Hongyi Liu

PhD Student in Biostatistics | University of Michigan
liutom@umich.edu | LinkedIn | GitHub


Professional Summary

I am a PhD student in Biostatistics at the University of Michigan. My current research interests lie in causal inference, randomized clinical trials (RCT), optimization, machine learning, and real-world evidence (RWE). My work so far has involved using large-scale Electronic Health Record (EHR) data to develop statistical models for healthcare applications. I am also interested in exploring the potential of Large Language Models (LLMs) alongside traditional machine learning methods for treatment effect estimation.


Education

  • University of Michigan, Ann Arbor, MI
    PhD in Biostatistics | Expected 2029
    Advisor: Bingkai Wang, Ph.D. (Quals Passed June 2025)
  • Macalester College, St. Paul, MN
    BA with Honors in Statistics | May 2024
    Minors: Computer Science, French | GPA: 3.9/4.0

Technical Skills

  • Statistical Methods: Causal Inference (HAIPW, Doubly Robust Estimation), Survival Analysis, Machine Learning, High-Dimensional Data Analysis, Clinical Trial Design, Real-World Evidence.
  • Programming: R (advanced, Rcpp), Python, SAS, SQL, C++, STAN, Julia, Git/GitHub.
  • Machine Learning & AI: Random Forests, XGBoost, Lasso Regression, LLM Fine-tuning (GPT-4, DeepSeek, Llama-3), Deep Learning.
  • Data Engineering: Large-scale EHR data processing, SQL database queries, ETL pipelines, data visualization (ggplot2, matplotlib).
  • Languages: English (fluent), Mandarin (native), French (intermediate).

Research Experience

  • Graduate Student Researcher | University of Michigan (May 2025 – Present)
    Working on high-performance convex optimization algorithms for spatial transcriptomics cell-type deconvolution. This involves implementing FISTA with efficient sparse matrix operations in C++ (Rcpp/Armadillo) to improve computational performance.
  • Graduate Student Researcher | University of Michigan (Jan 2025 – Present)
    Studying how LLMs (GPT-4, Llama-3) can be used for causal inference in clinical trials, with a focus on reducing the time required for feature engineering compared to traditional machine learning methods.
  • Graduate Student Researcher | University of Michigan (Aug 2024 – Dec 2024)
    Contributed to the analysis of COVID-19 vaccine effectiveness using a large dataset from the Michigan Medicine EHR system, exploring patterns across different variants.
  • Data Science Research Intern | Minnesota Department of Health (May 2023 – Aug 2023)
    Supported the Injury & Violence Prevention Unit by analyzing records from the Minnesota Violent Death Reporting System and developing predictive models to assist in identifying high-risk populations.

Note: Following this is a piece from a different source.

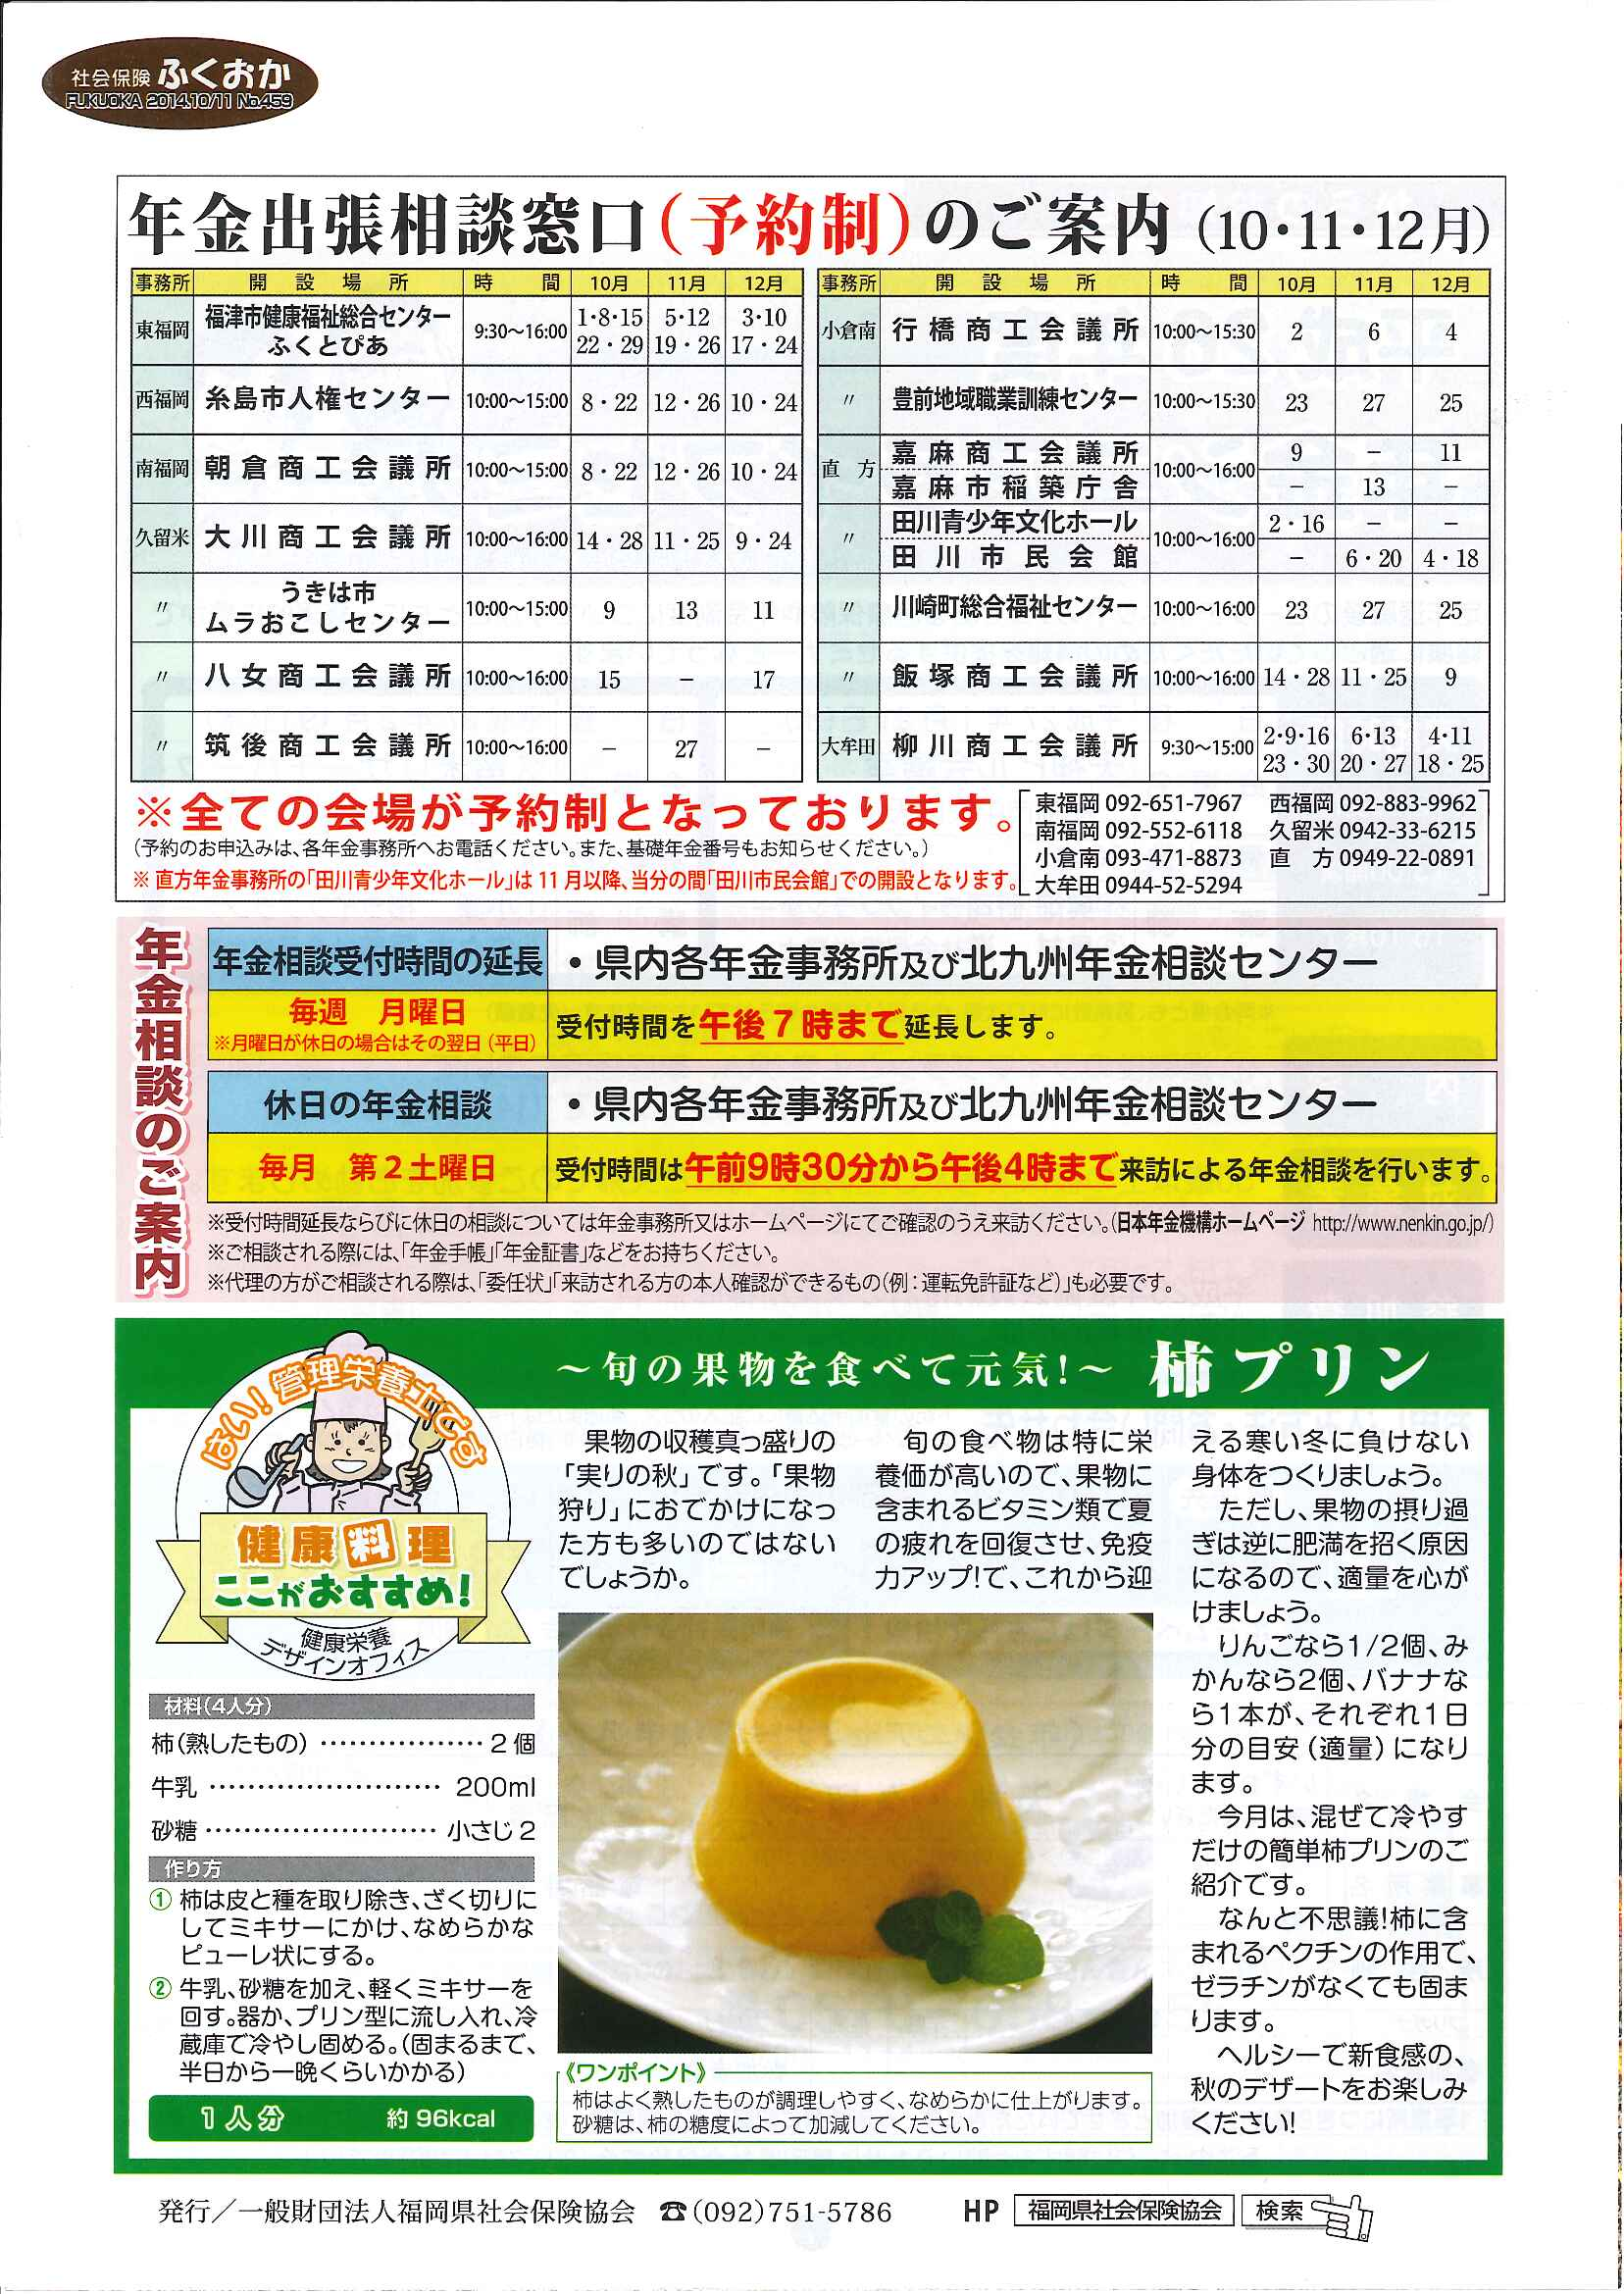 社会保険 「ふくおか」 2014年10・11月号_f0120774_1503178.jpg

Publications & Presentations

  • Wang, B., Yu, M., Liu, H. et al. (2024). Test-negative designs with various reasons for testing: statistical bias and solution. Epidemiology (In Press).
  • Liu, H. (2024). A discussion on estimation of the best constant for spherical restriction inequalities. Macalester College Digital Commons.
  • Oral Presentation: “Test-negative designs with various reasons for testing.” Michigan Student Symposium (MSSISS), March 2025.

Honors & Awards

  • Finalist Award (Top 2%), Mathematical Contest in Modeling (2023).
  • Society of Actuaries (SOA): Passed Exams P, FM, IFM, SRM.
  • Full-Tuition Scholarships: Kofi Annan Scholarship & Charles J. Turck Presidential Honor Scholarship (2020-2024).